## Directions for this task
Please write out the full listing beneath this line exactly, skipping its images.

Start of Information supplied

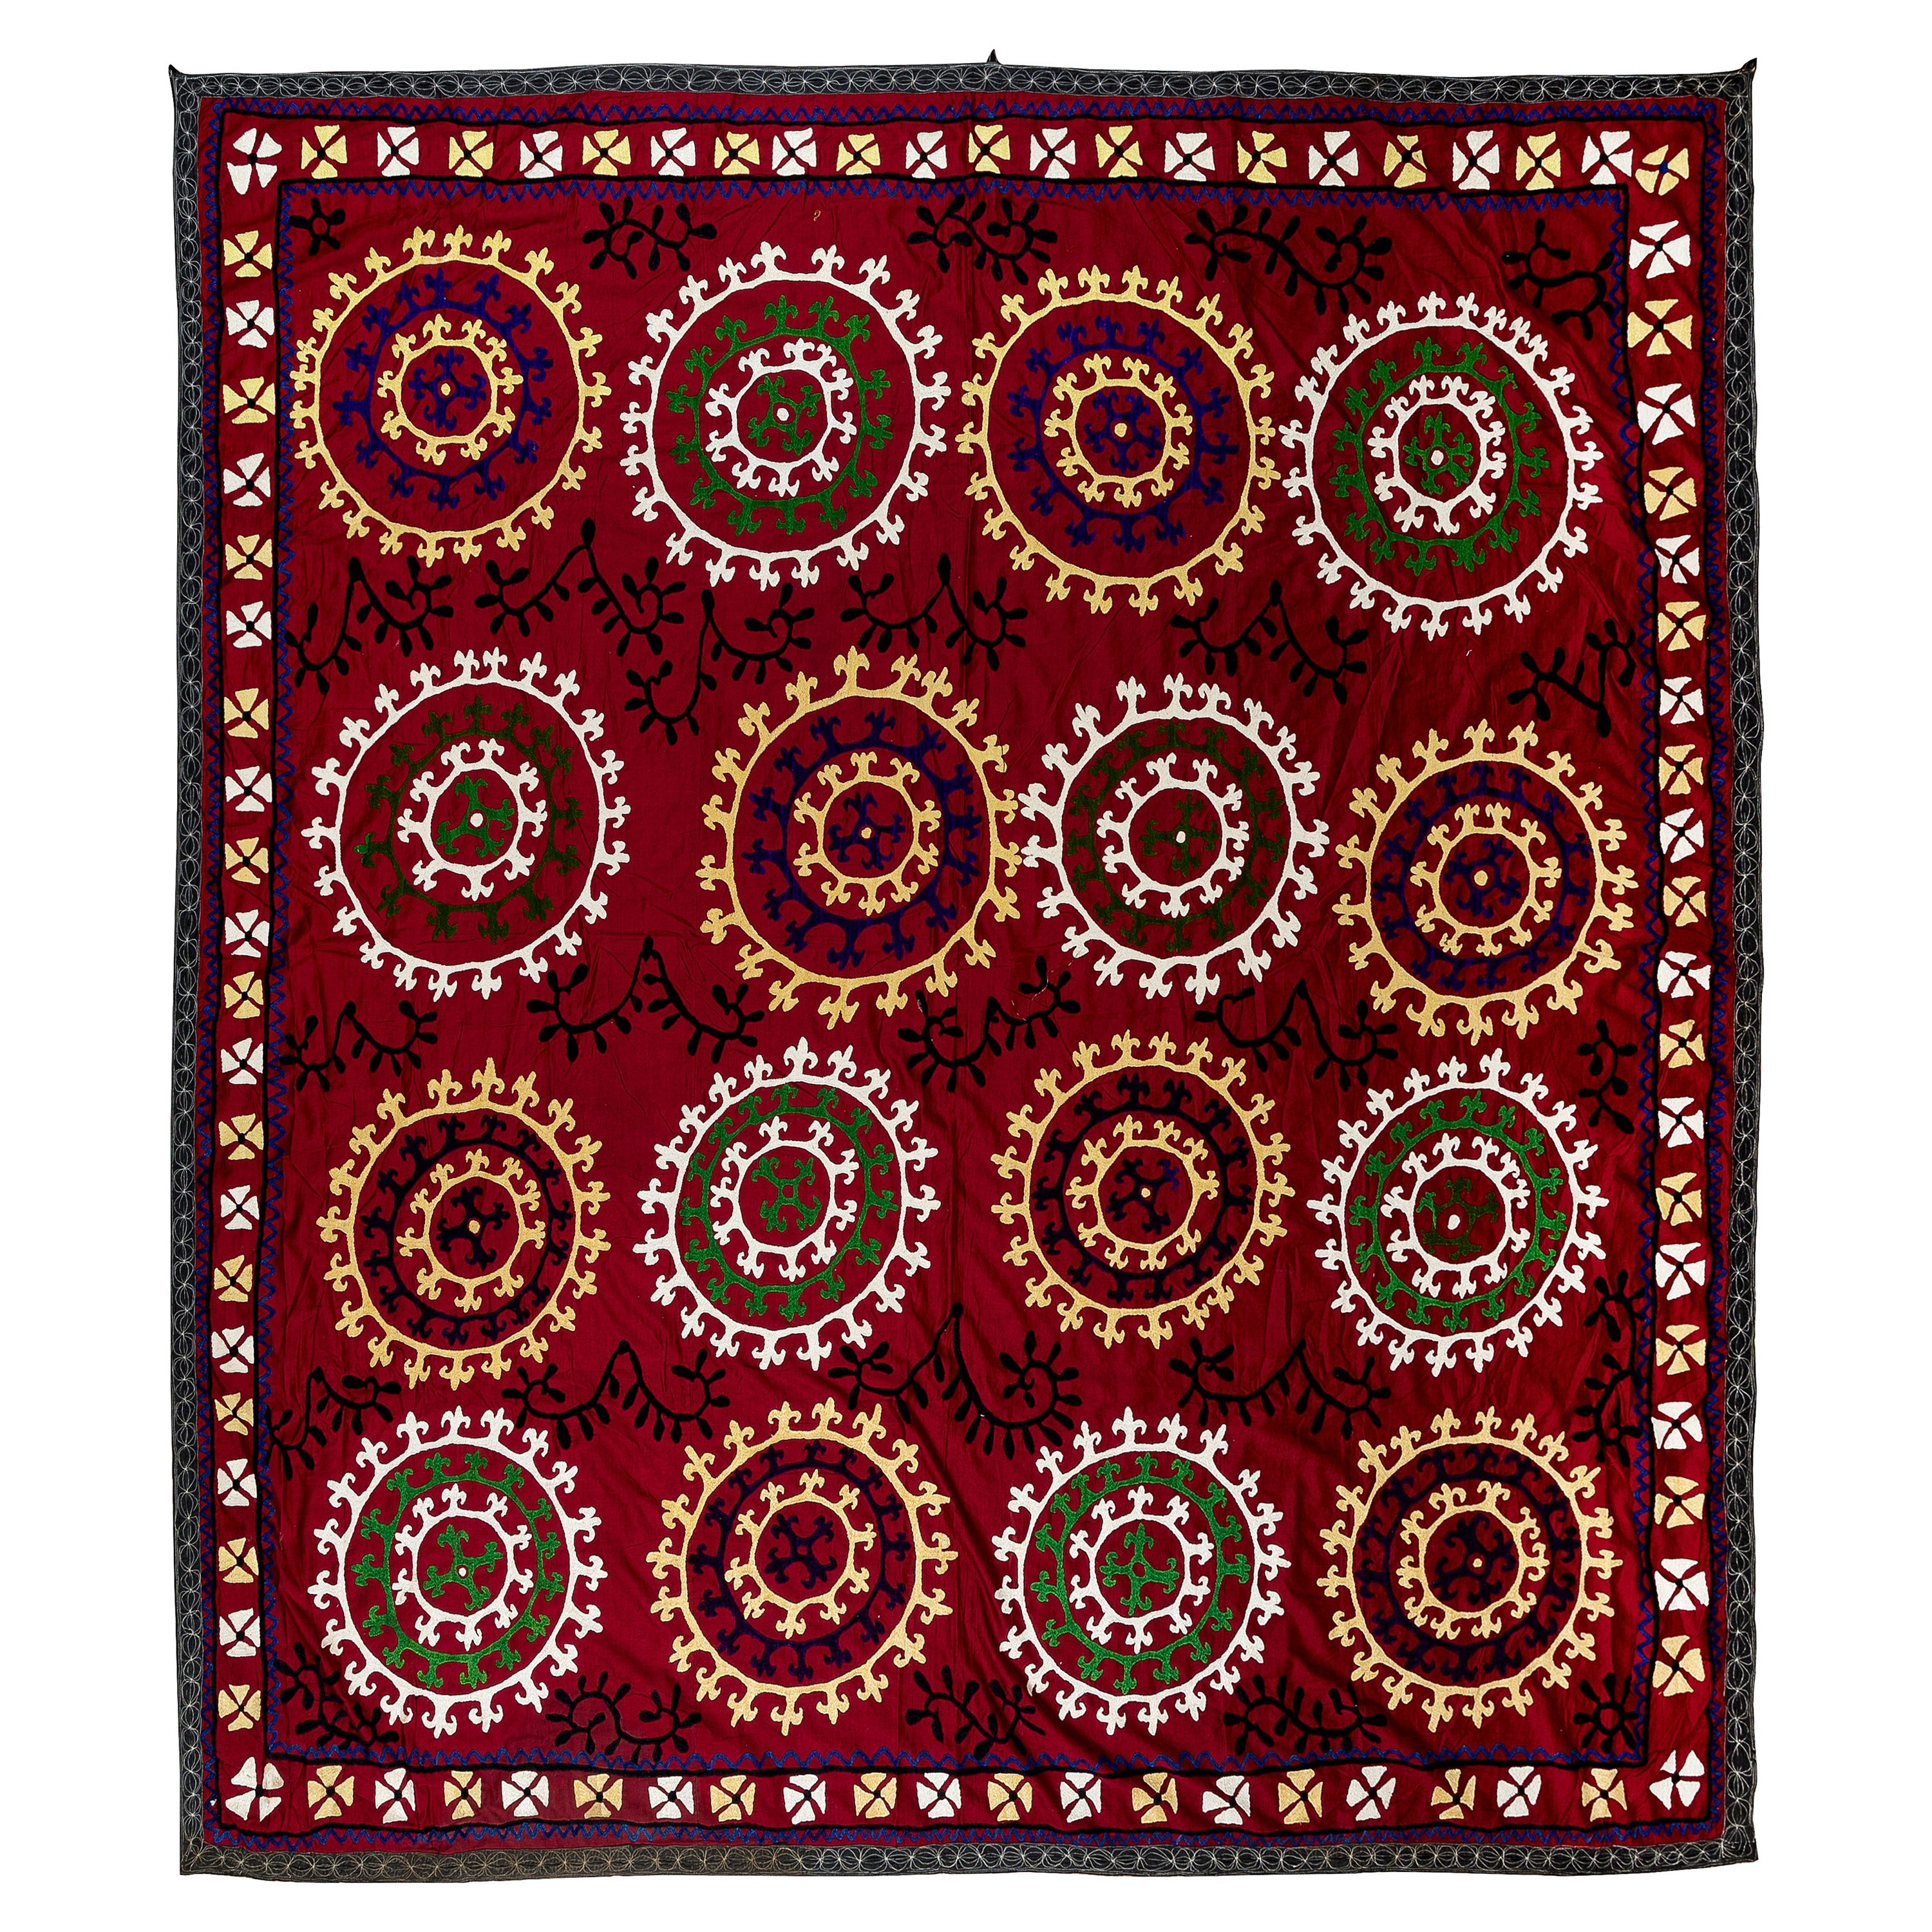 6.8x7.2 Ft Embroidered Bed Cover, Vintage Wall Hanging, Red Tapestry, Silk Throw
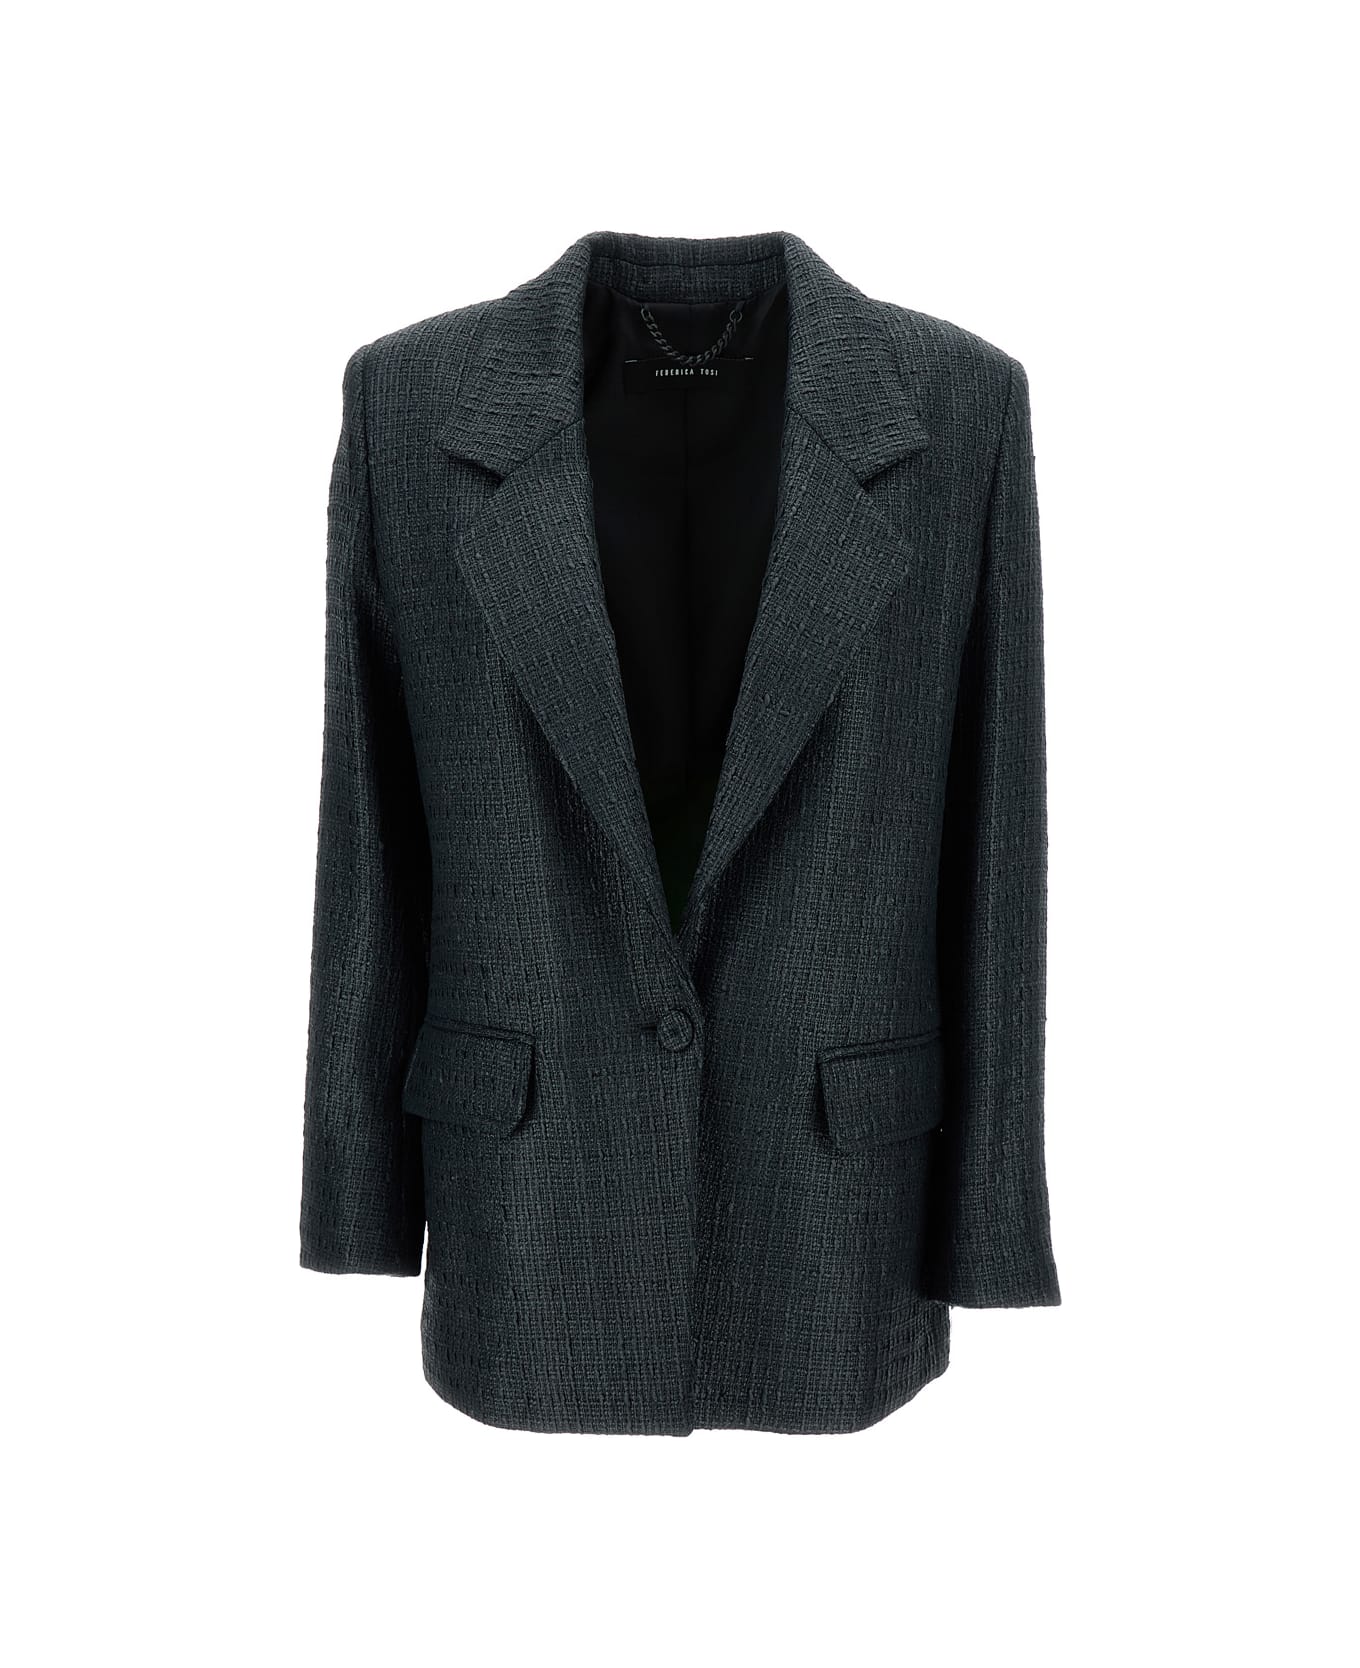 Federica Tosi Black Single-breasted Jacket With A Single Button In Cotton Blend Man - Black ブレザー
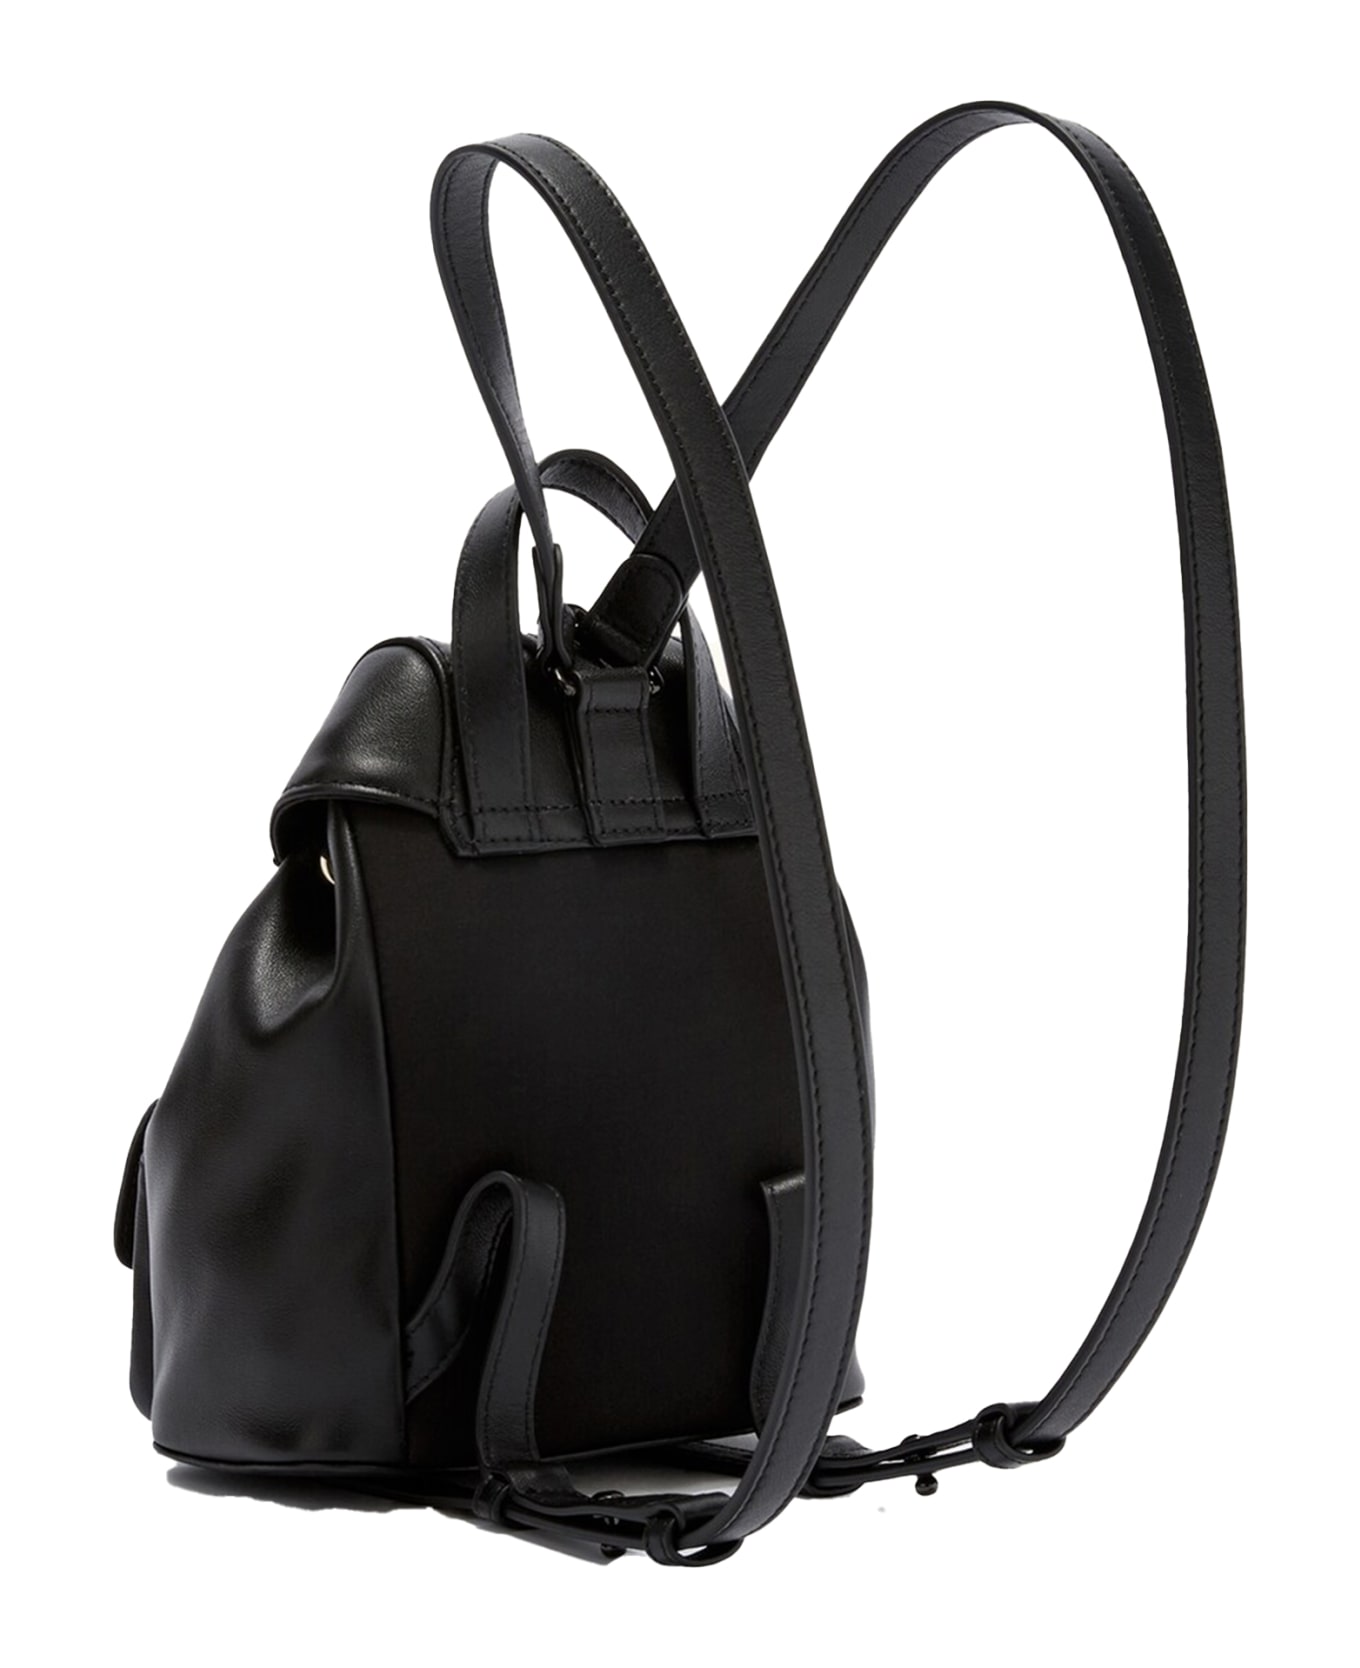 Furla Flow Mini White Leather Backpack - NERO バックパック

End of Information supplied

## Solution to this task
 6.8x7.2 Ft Embroidered Bed Cover, Vintage Wall Hanging, Red Tapestry, Silk Throw
 Federica Tosi Black Single-breasted Jacket With A Single Button In Cotton Blend Man - Black ブレザー
 Furla Flow Mini White Leather Backpack - NERO バックパック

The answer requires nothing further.